For more information:
- Nuñez J. Anderton C., Renslow R. Optimizing colormaps with consideration for color vision deficiency to enable accurate interpretation of scientific data at https://journals.plos.org/plosone/article?id=10.1371/journal.pone.0199239.
Smoothing¶
Flow plots can be visually smoothed by changing the Plot Settings. If the smoothing is zero, no smoothing is applied; higher numbers increase smoothing. Above are examples of smoothing settings of 0 (left) and 1 (right) for the same data.
Both undersmoothing and oversmoothing can lead to misleading graphs of data. Undersmoothed plots, especially on small data sets, will emphasize individual peaks, obscuring the similarities of close samples. However, smoothing values that are too high will inappropriately merge peaks, reducing or even eliminating distinct populations. Oversmoothing is especially a concern when positive and negative aren’t clearly separated, which can be unavoidable for some studies.
The contour plots above, taken from the same FCS file, show how smoothing settings can obscure the data. The image on the left has no smoothing. The undersmoothing results in “cold spots” that make the plot hard to interpret. The plot on the right is oversmoothed, making it hard to distinguish whether the events are from the same population or not.

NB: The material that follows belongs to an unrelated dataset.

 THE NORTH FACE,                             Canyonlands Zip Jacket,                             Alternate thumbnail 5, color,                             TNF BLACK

For more information, see https://aakinshin.net/posts/kde-bw.
Gates¶
The Gates section shows or hides gates on a flow plot, and adjusts the gate label size and content. By default, the gate label will display the percent of the parent population within a gate. This option can be changed to the gate name or a variety of statistics, including median, standard deviation, or event count.
Tip
Flow plots (especially when displayed in pivot tables can be helpful for reviewing gating. To adjust a gate, right click on the plot and select View in gating.
Labeling and tick marks¶
The Axes and Legend section controls allow turning on and off tick marks, tick labels, and axis labels.
Contour plot styling¶
Contour plots have additional options, all available under Plot Settings in the sidebar.

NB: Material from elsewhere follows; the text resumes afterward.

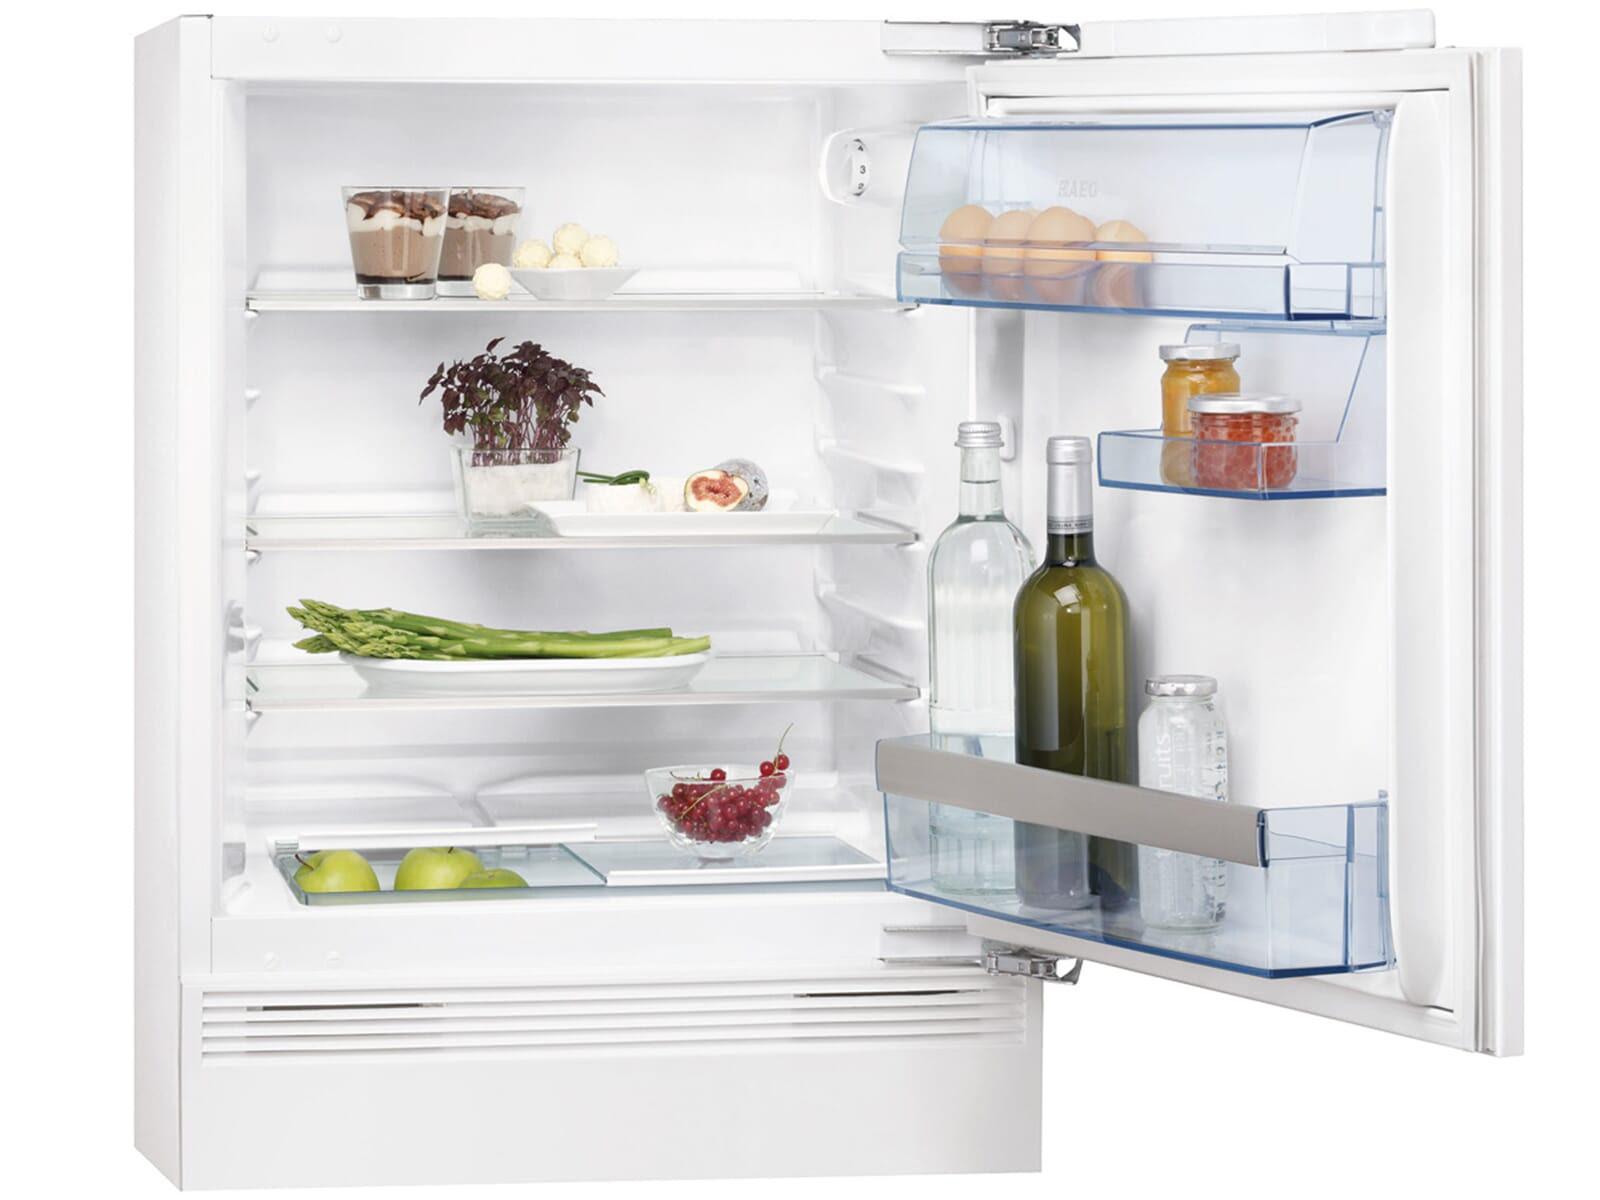 Siemens Kühlschrank Idealo : Unterbau kühlschrank marjorie anderson

Percentile Start specifies the first percentile band; a value of 10 means that events below the 10th density percentile will be shown as individual dots (outliers) instead of within a contour. Events below this threshold this will appear as black dots.
This example shows plots with percentile start of 1, 10, or 50. It also uses the unfilled Color Scale, which is unique to contour plots.
Percentile Step controls how large each contour is; a value of 10 will create contour bands that each contain 10% of the events in a plot.
Histogram styling¶
Histogram line thickness and fill opacity can be adjusted under Plot Settings.